Friday, February 13, 2015

Mom guilt

This month has been hard. I feel stuck in a rut. I asked my mom if she ever felt this way when we were little. Her response was that it's called February. Ha! She was so right. The winter doesn't feel so bad when you have holidays and parties filling your time. School break and then getting back in the groove. But you suddenly hit February and it's all blah. Mostly still too cold to be outside much. Gray and bleak most days. Only a made up holiday to look forward to. Just more of the same every day. 

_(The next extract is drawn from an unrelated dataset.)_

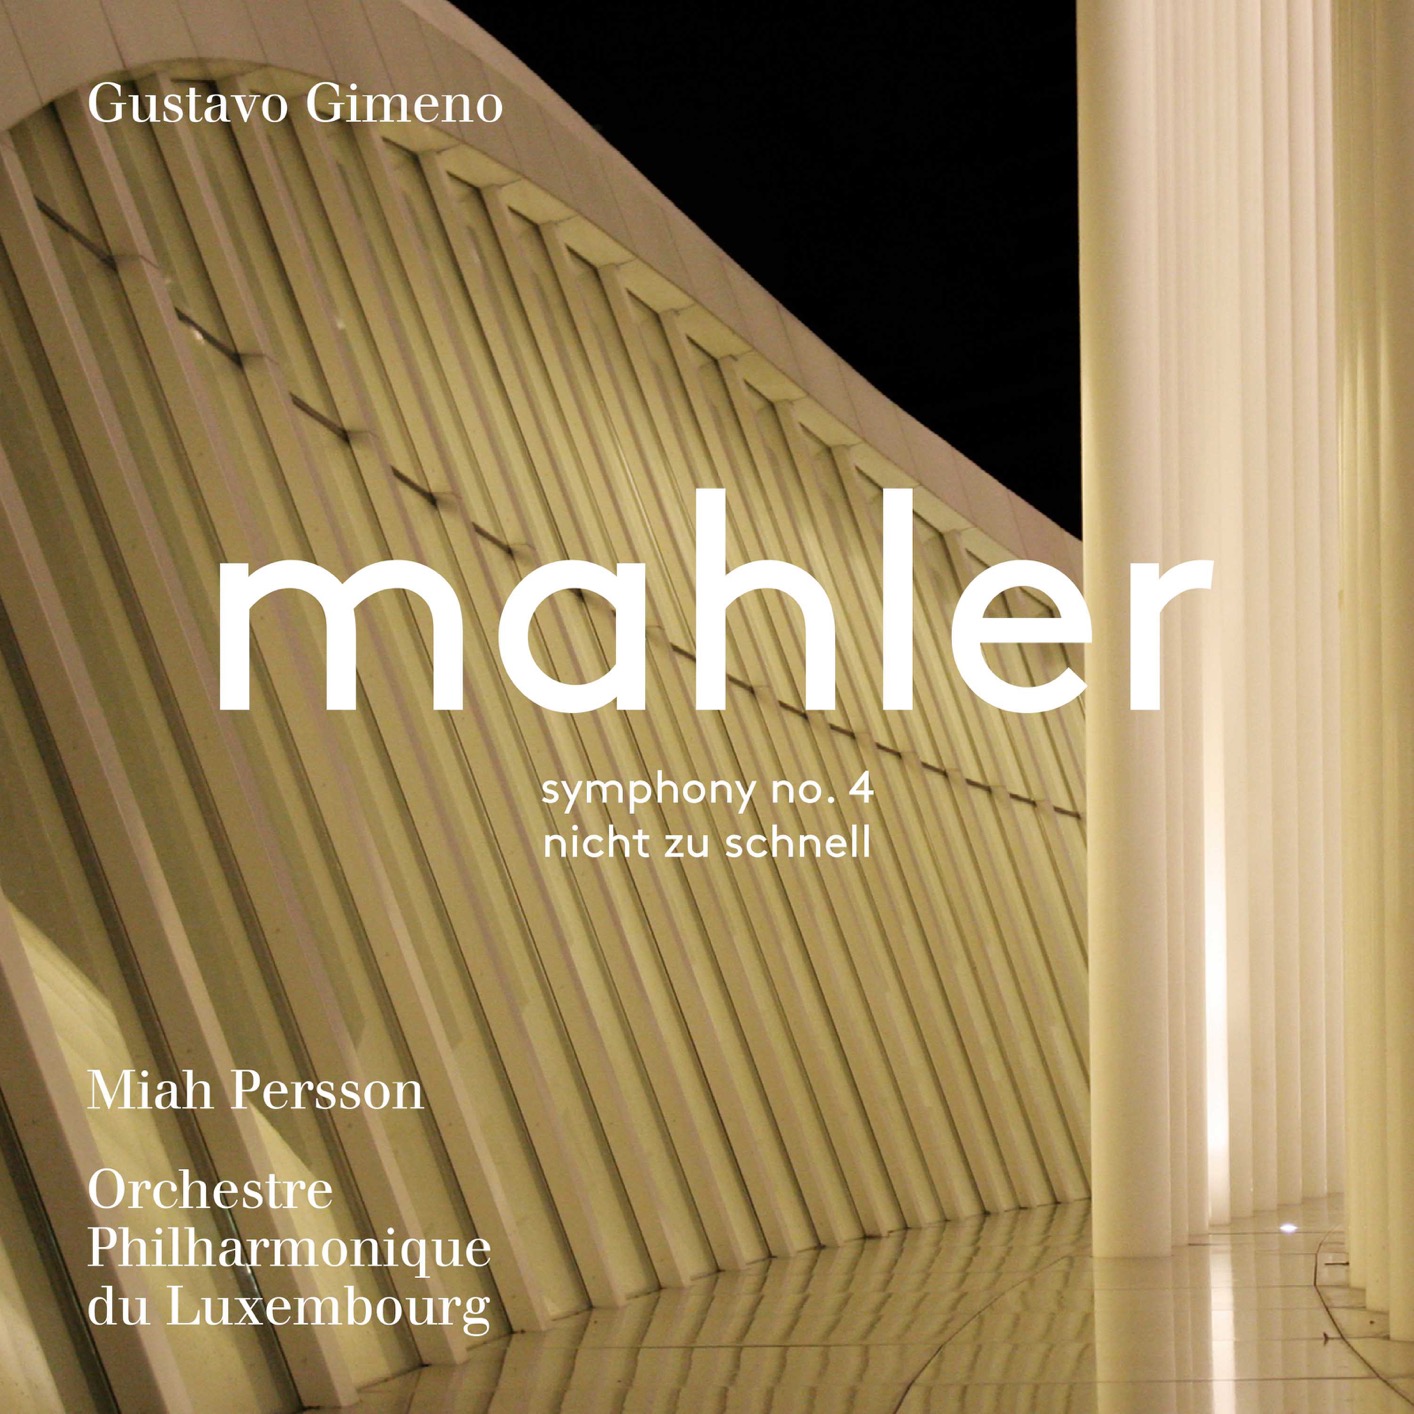 Gustavo Gimeno – Mahler: Symphony No. 4 in G Major & Piano Quartet in A Minor (2018) [FLAC 24bit/96kHz]
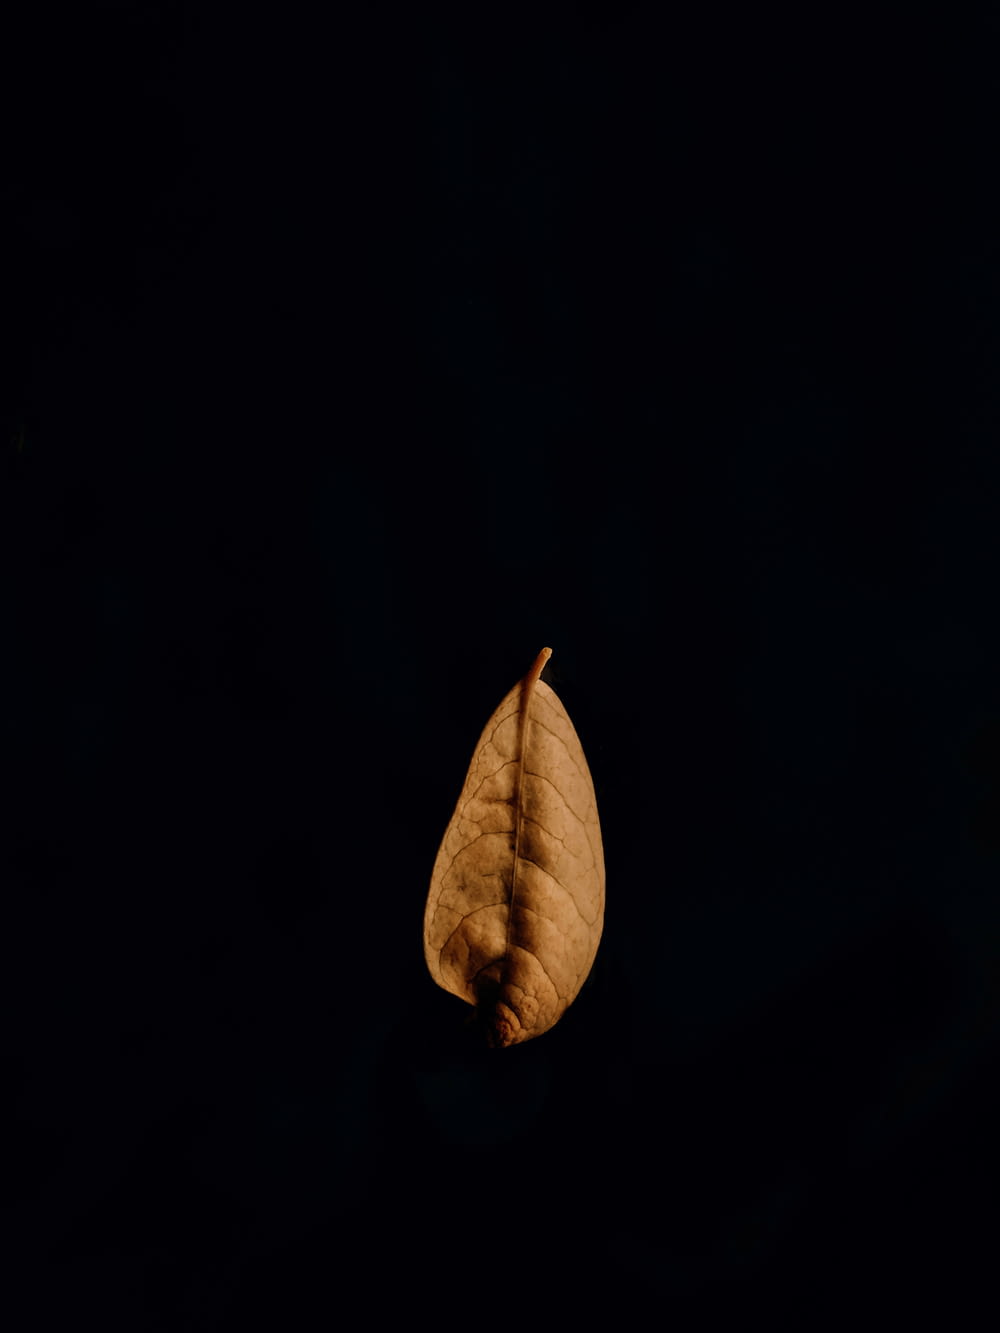 a leaf on a black background

On top of the blah-ness of February I get depressed with the two middles birthdays. It's a great celebration and I love seeing how far they have come in a year. And yet, there is bitterness there too. Nevin's genetic diagnosis coming on his birthday. Gavyn being so sick after his birth. It's a rough time for me. I think it is hitting me harder this year since last year was so hard. 

I'm sorry for the joyless post, it is just how I am feeling lately. Stuck in a rut. You know? 

Wake up.
Drink the coffee.
Read, journal.
Breakfast.
Lunch packing.
Dress the children.
Feed the children.
Give the children their medicine and essential oils.
Send the children to school.
Get dressed.
Eat breakfast.
Have a child dropped off at my house.
Play.
Eat.
Read books.
Do a craft.
Lunch.
Play.
Nap.
Kids home from school.
Snack.
Screen time.
Homework.
Dinner.
Bath.
Play time.
Bed time.
Repeat.

I just keep thinking about the beach. Sunrises and sunsets. Sand in my toes. The soothing sound of the waves. Soaking up the sun. A nap on a beach towel. 

It's time for this mommy to get a mommy vacation!